(Data segment):
==============================
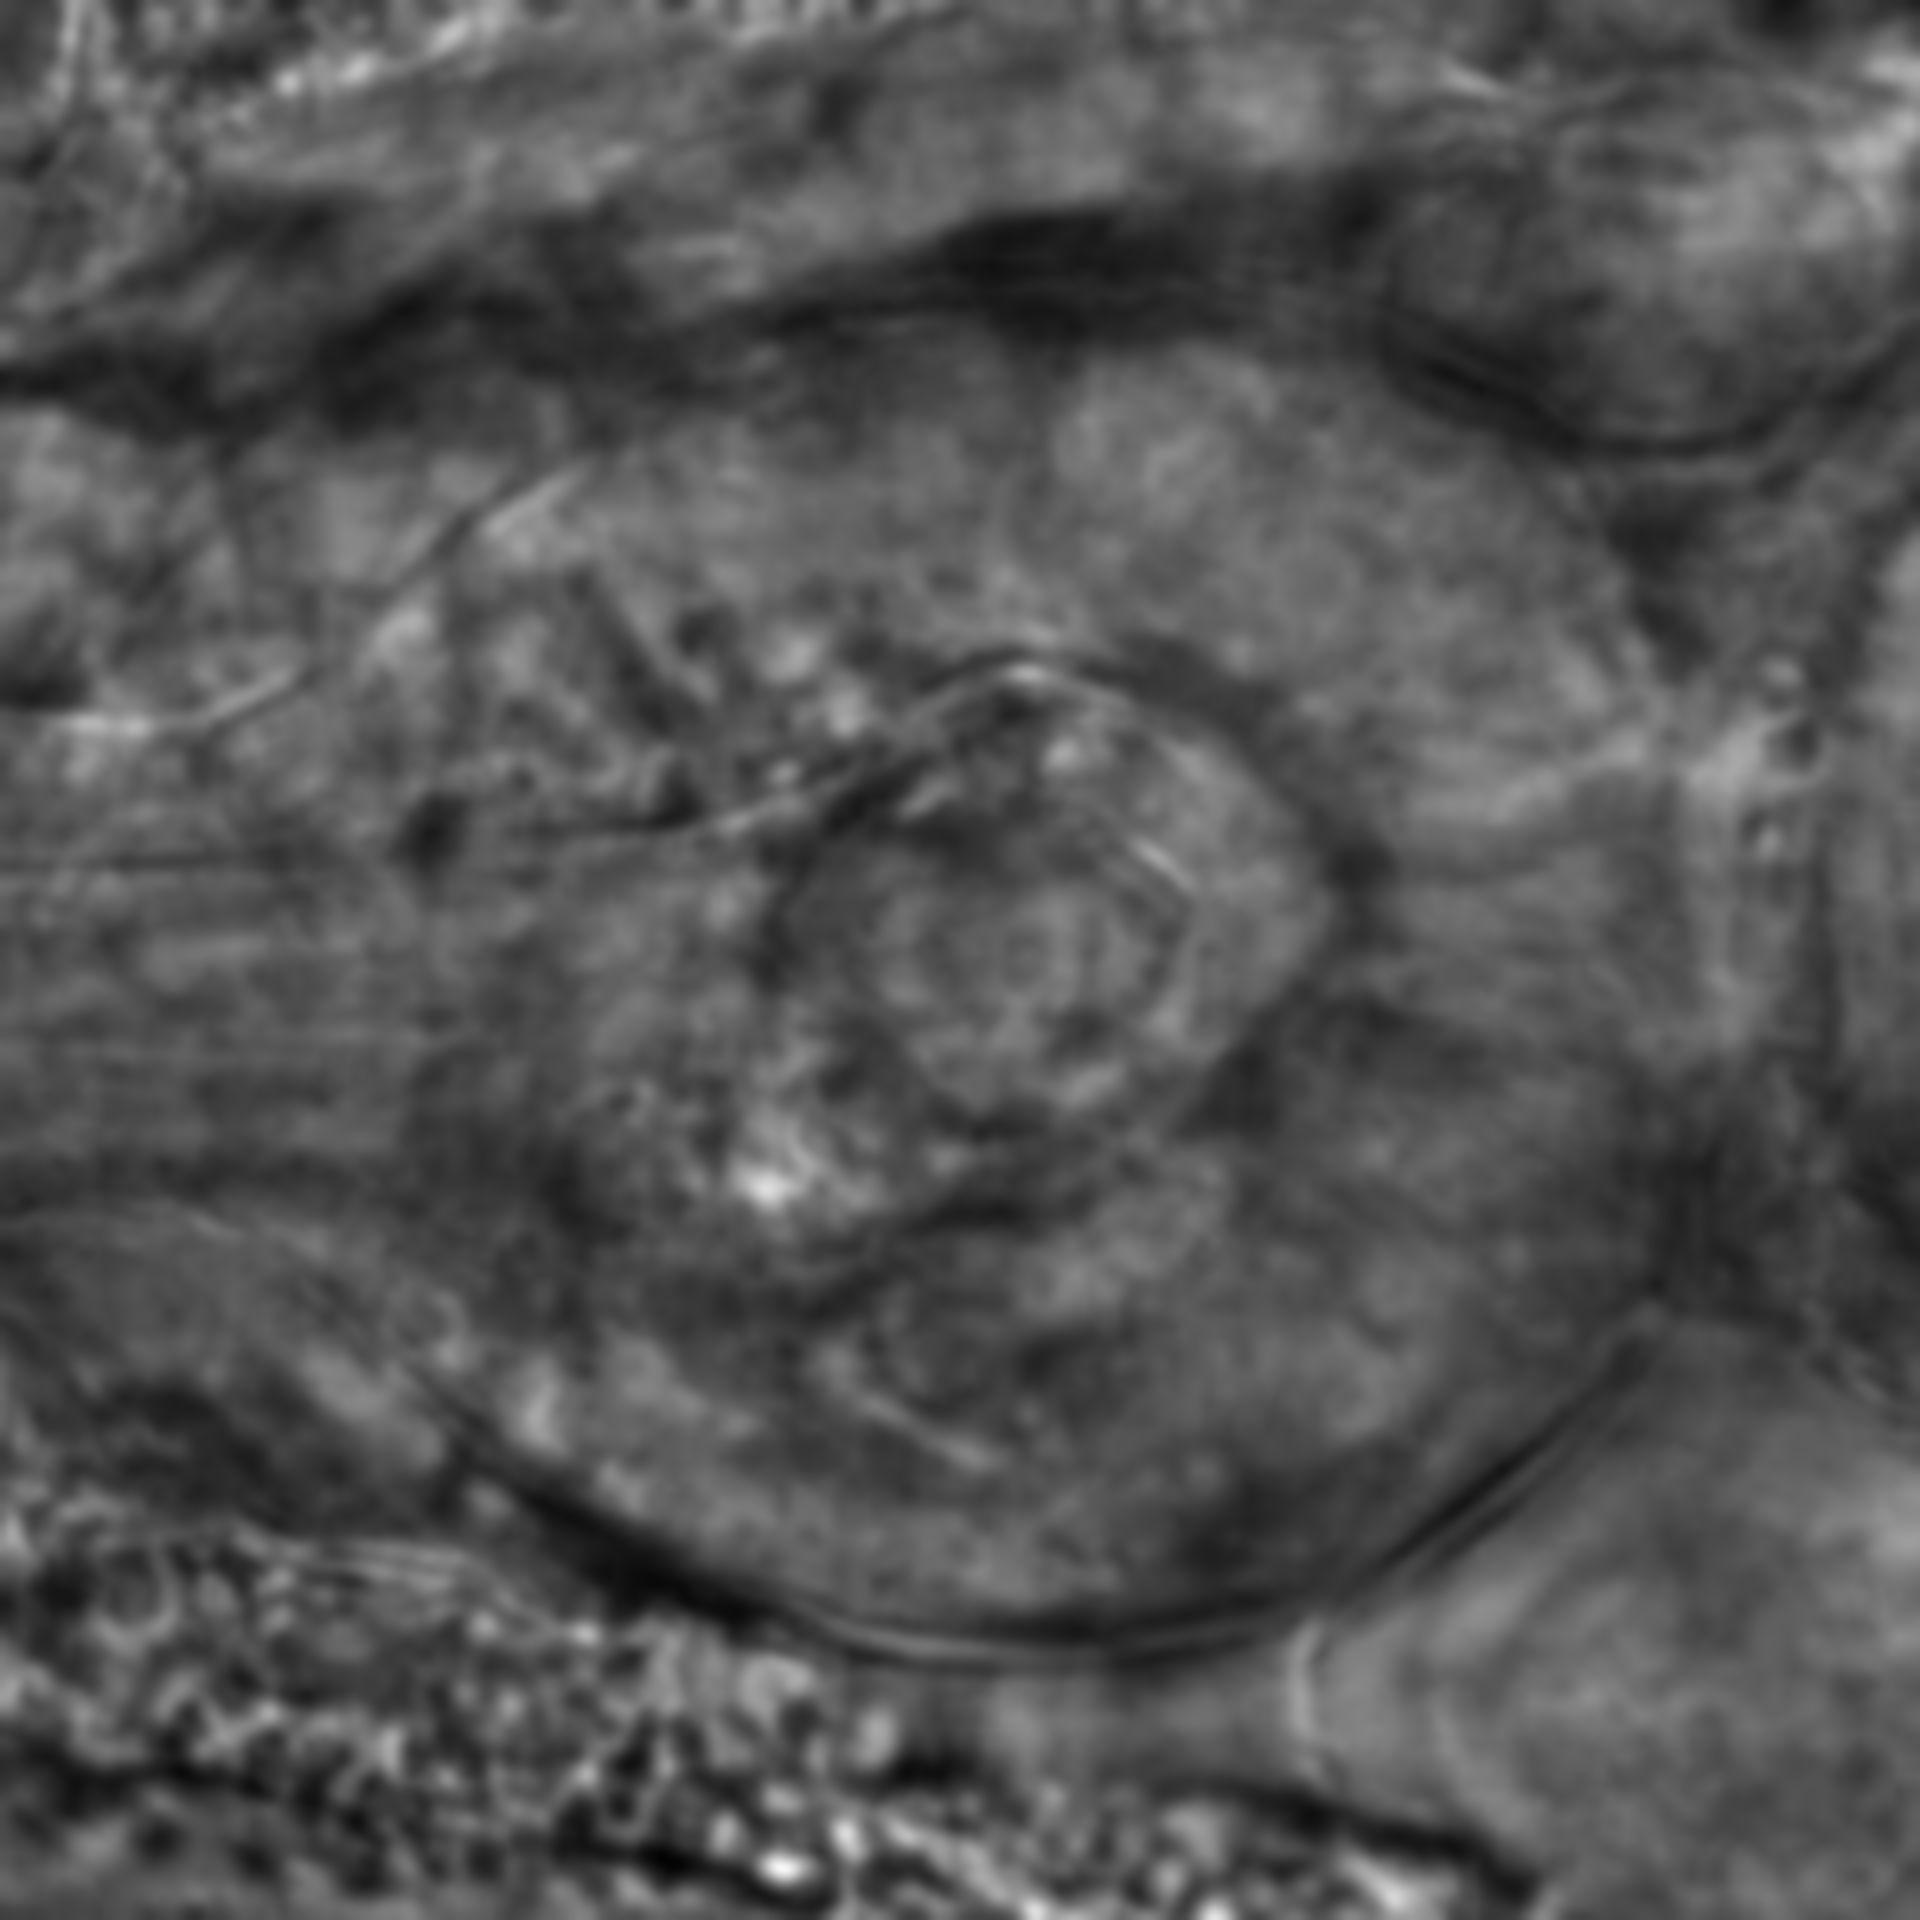 Caenorhabditis elegans - CIL:2199
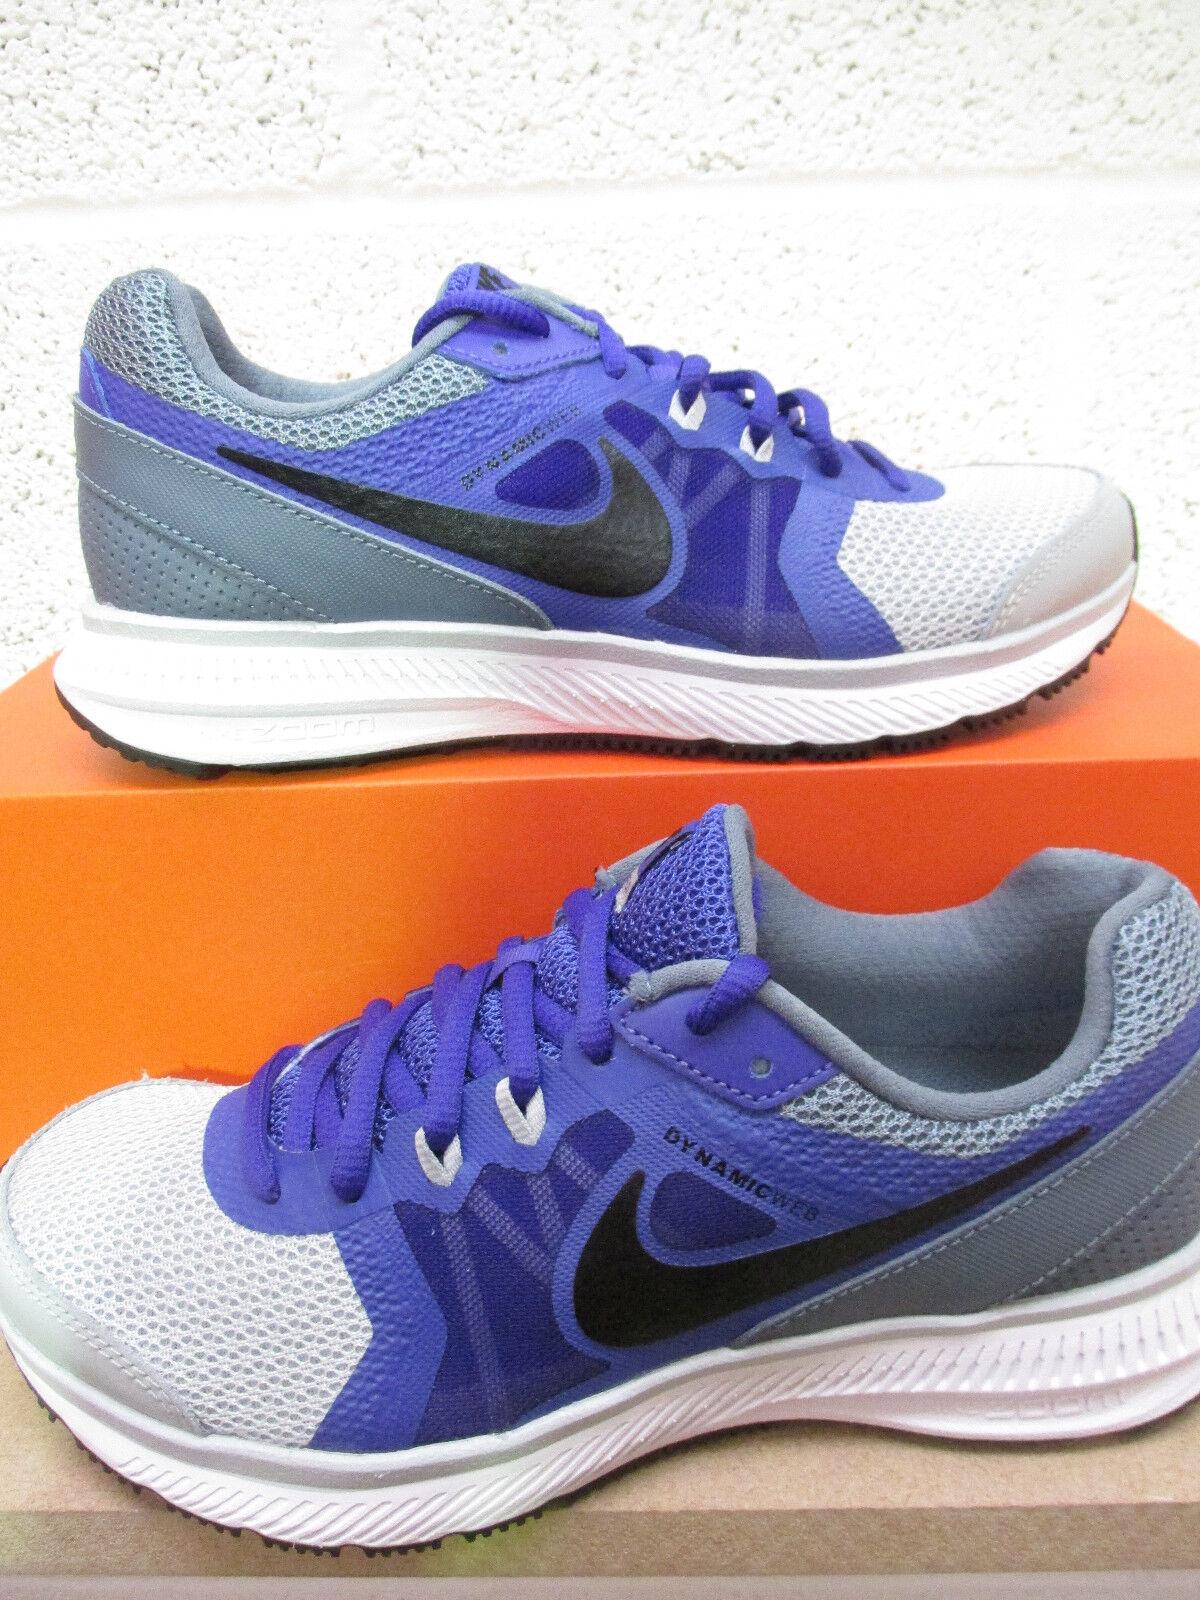 Nike Donna Zoom Winflo Scarpe da Corsa 684490 013 Scarpe da Tennis
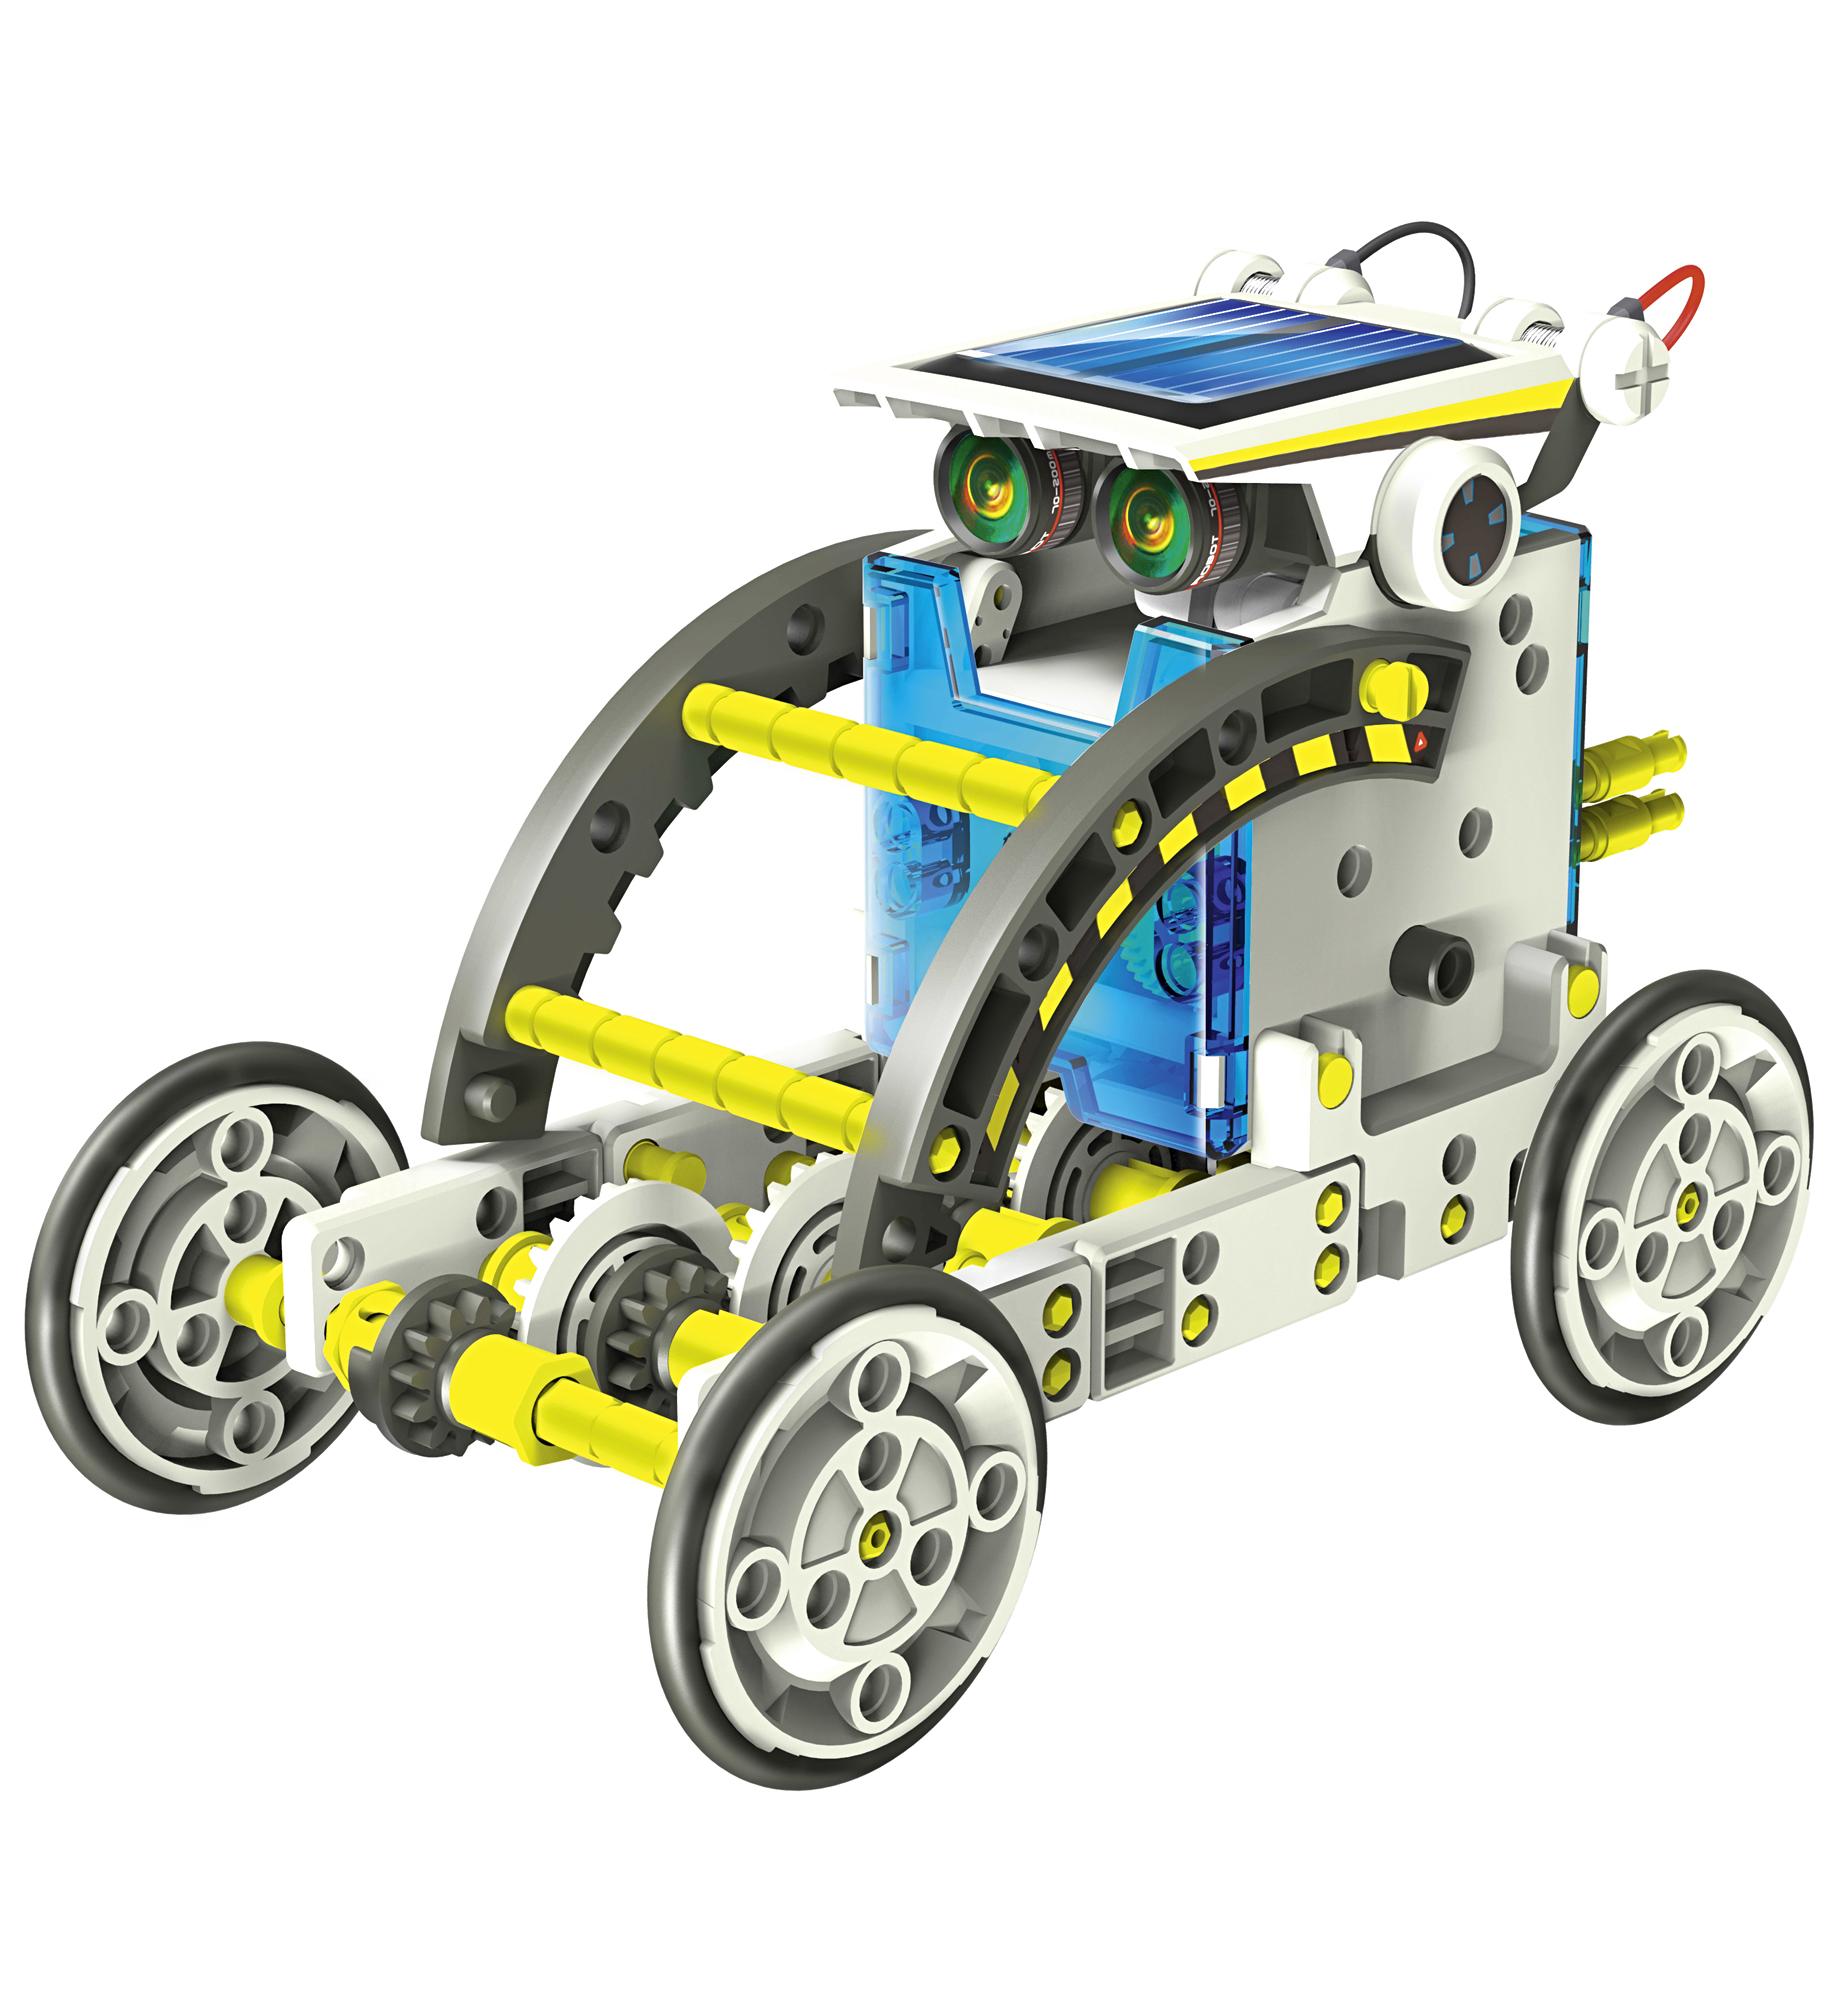 Bausatz 14 in 1 Solar-Roboter
==============================
(What you have to do): Please write out the material from the line containing "Nike Donna Zoom" to its final line, both inclusive, exactly as it appears; pictures are not part of the copy.

(Final answer):
 Nike Donna Zoom Winflo Scarpe da Corsa 684490 013 Scarpe da Tennis
 Bausatz 14 in 1 Solar-Roboter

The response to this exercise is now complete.